It is now known, the microenvironment including the stroma play an important role in both organ specificity and mammary cancer. In characterizing the interactions between stroma and epithelium, it is useful to develop an ex vivo model to more freely dissect out the intricate network of signals that are necessary to allow functional differentiation in vivo. With this in mind, my first aim was to develop such models to study the mammary gland outside the animal in designer microenvironments. It has been known for some time that once cells are removed from their native tissue environment and placed into traditional two-dimensional (2D) cultures, cells lose functional performance and relevant morphology (M.J. Bissell 1981). In 1977, Emerman and Pitelka using a technique developed by Michalopoulas and Pitot placed mammary cells on top of collagen-1 gels and allowed it to float (Michalopoulos & Pitot 1975; Emerman & Pitelka 1977). In the presence of lactogenic hormones, mammary cells were able to produce milk proteins. These studies were reproduced and colleagues showed that in the floating collagen gel the important component produced by the cells was laminin-111 (Danielson et al. 1984; Parry et al. 1987). Following these studies, the Bissell laboratory discovered in 1989 that a gel mimicking the properties of the basement membrane, a specialized form of extracellular matrix in glandular tissues, allows mammary cells to produce milk and secrete it vectorially (Barcellos-Hoff et al. 1989; Streuli et al. 1991; Streuli et al. 1995). In this dissertation, I utilized an organoid technique developed in the Bissell laboratory to recapitulate both form and function of mammary gland from small pieces of mammary tissue. By using these culture models, we were able to systematically define the biochemical and environmental signaling cues that are important in mammary gland form and function. As such, we have composed and detailed a number of matrices to reproduce the developmental processes ex vivo similar to what is observed in vivo in the developing mammary gland (Lo et al. 2012). These methodologies illustrate a way to investigate elaborately the epithelium outside the complex microenvironment of the tissue, and provide a system for investigating not only normal developmental processes but also diseases such as cancer. We then applied the use of these three-dimensional (3D) culture models to investigate the developmental processes of mammary gland branching.

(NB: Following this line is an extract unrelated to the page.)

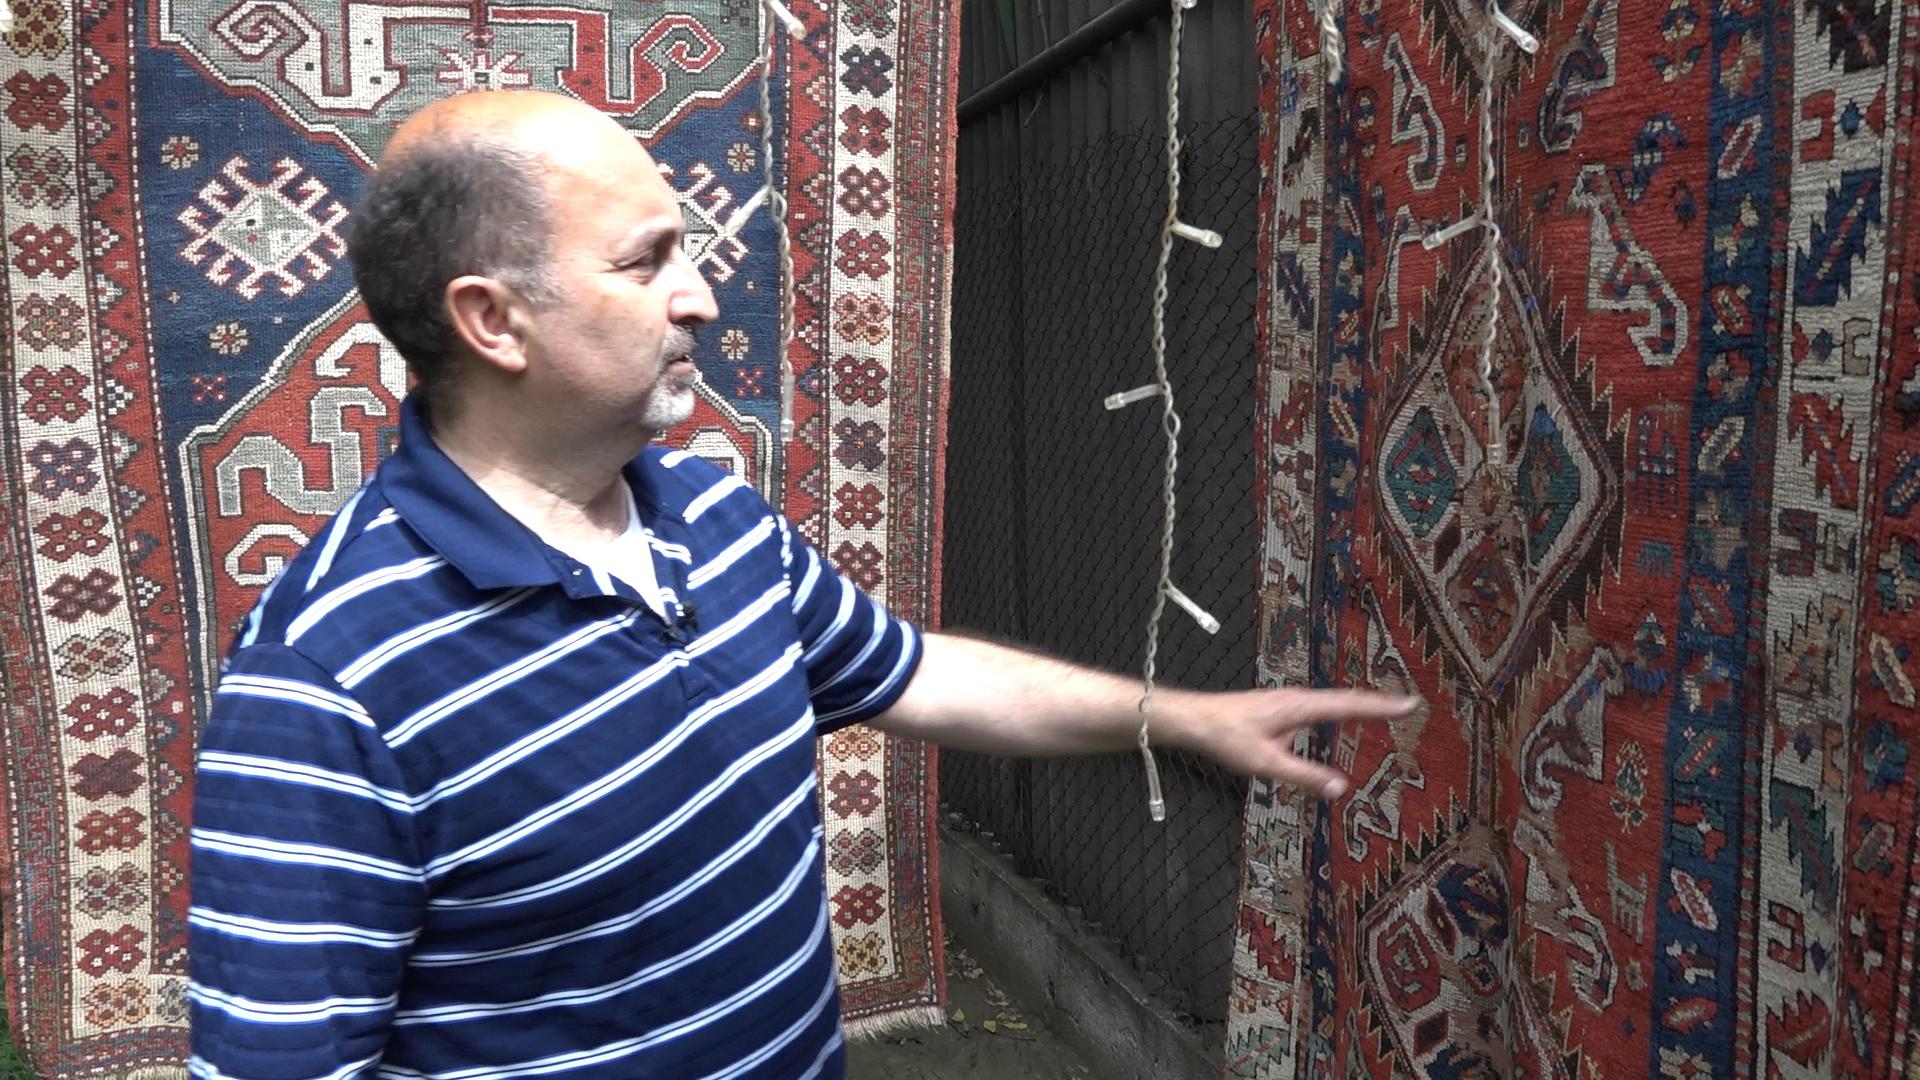 Հայկական գորգերը վերադառնում են Հայաստան, որ կրկին ճամփորդեն/The Revival of Armenian Rugs and Carpets

Invasion is a key step of branching morphogenesis, the process by which simple epithelial structures form elaborate branched networks (Williams & Daniel 1983; Montesano et al. 1991; Hirai et al. 1998; Simian et al. 2001; Fata et al. 2007). This process requires invasion through a type-I collagen rich stroma in vivo. Matrix metalloproteinases were shown to be expressed both in the epithelium and stroma of the invading terminal end buds, suggesting that these enzymes enable epithelial invasion into the mammary fat pad (Talhouk et al. 1991; Simian et al. 2001; Wiseman et al. 2003; Mori et al. 2009; Mori et al. 2013). To dissect whether matrix metalloproteinase 14 (MMP14) is a key signaling molecule in branching morphogenesis, we utilized 3D culture models comprised of primary mammary organoids and mammary epithelial cell (MEC) line for our study. Motivated by data from a genetic MMP14 mutant mouse, we were able to use our 3D models to uncover reciprocal pathways required for mammary branching morphogenesis (Yana et al. 2007). We found that MMP14 is required for invasion of MECs through stroma and these interactions drive MEC invasion through a collagen-1 microenvironment. Additionally, we identified signals downstream of MMP14 and uncovered the interaction between MMP14 and integrin-β1 (ITGB1) that is essential for MEC invasion to occur. Given the high expression levels of MMP14 in breast cancer, we proposed that the mechanisms we uncovered for branching of normal mammary epithelium are also relevant to the invasion of breast cancer cells through the stroma that surrounds the mammary carcinoma (Mori et al. 2013).
From using 3D models to study development and the interactions of MMP14 in branching morphogenesis, it became apparent that we could further utilize this assay as a system to elucidate the means by which cells become cancerous. Utilizing an elaborate genetic backcross study, we sought to analyze the genetic contributions involved in mammary cancer susceptibility in response to a stimulus such as low dose radiation. Using our 3D culture model and a genome-wide single nucleotide polymorphisms (SNPs) analysis, we revealed how treatment with ionizing radiation led to interactions with the genetic loci and identified TGF-1 as a factor regulating cancer susceptibility. Our ex vivo models allowed us to assess the particular signaling components that provide resistance to cancer risk thus opening possible new avenues to identify individual risk for environmental exposure and cancer (Zhang P*, Lo A* et al. 2015).